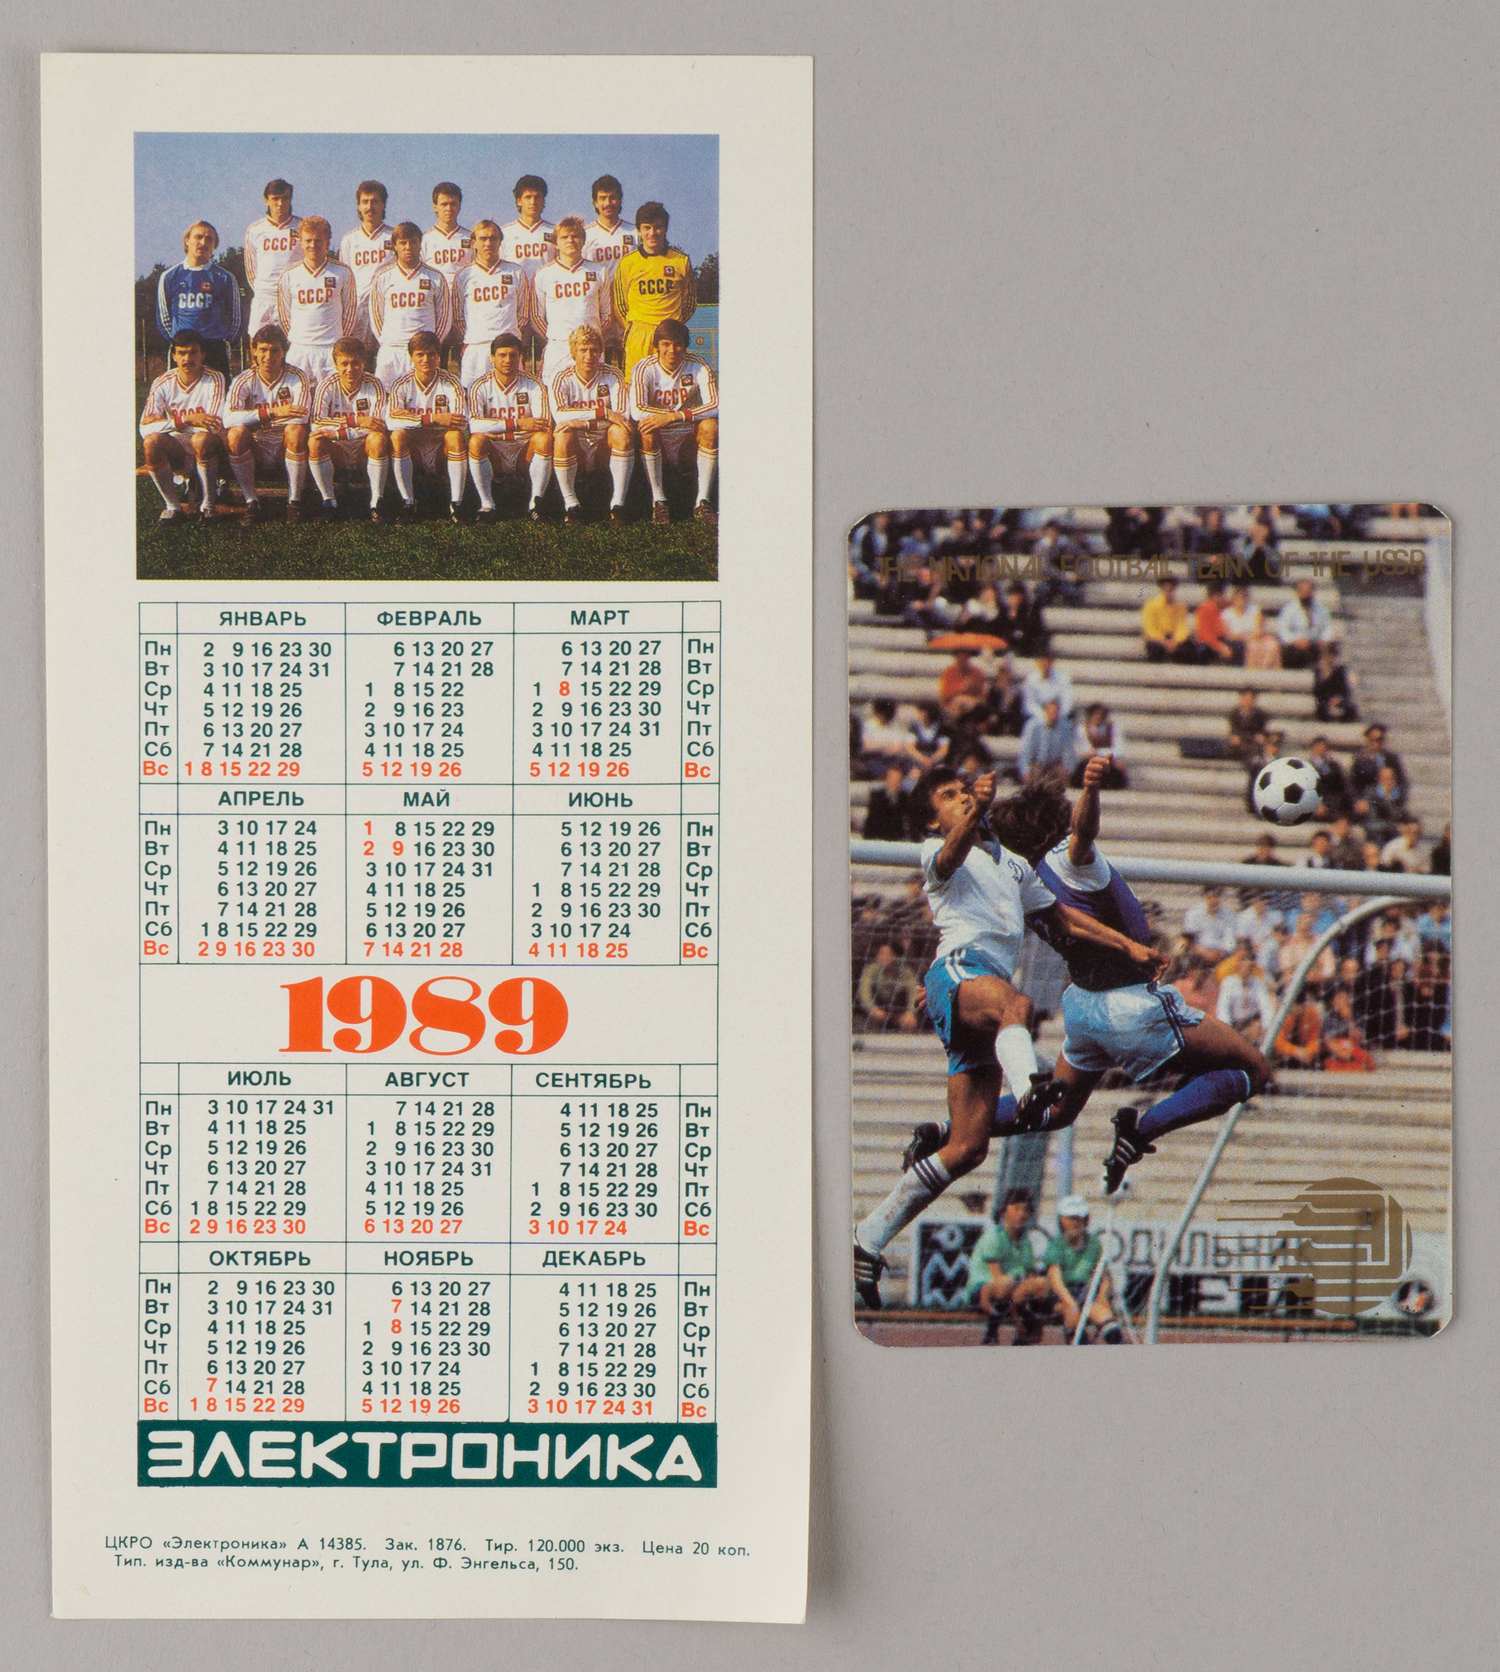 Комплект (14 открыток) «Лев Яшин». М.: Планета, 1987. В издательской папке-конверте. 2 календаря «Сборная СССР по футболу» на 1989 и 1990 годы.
+ + + +
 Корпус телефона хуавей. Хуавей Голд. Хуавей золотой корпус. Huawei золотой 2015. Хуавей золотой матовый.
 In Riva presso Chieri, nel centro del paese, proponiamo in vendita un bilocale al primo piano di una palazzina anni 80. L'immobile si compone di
+ + + +
- _Your assignment_
With the first line being the one containing "Корпус телефона хуавей." and the last line the one containing "In Riva presso", transcribe exactly the lines above that fall in that range.

- _Written answer_
 Корпус телефона хуавей. Хуавей Голд. Хуавей золотой корпус. Huawei золотой 2015. Хуавей золотой матовый.
 In Riva presso Chieri, nel centro del paese, proponiamo in vendita un bilocale al primo piano di una palazzina anni 80. L'immobile si compone di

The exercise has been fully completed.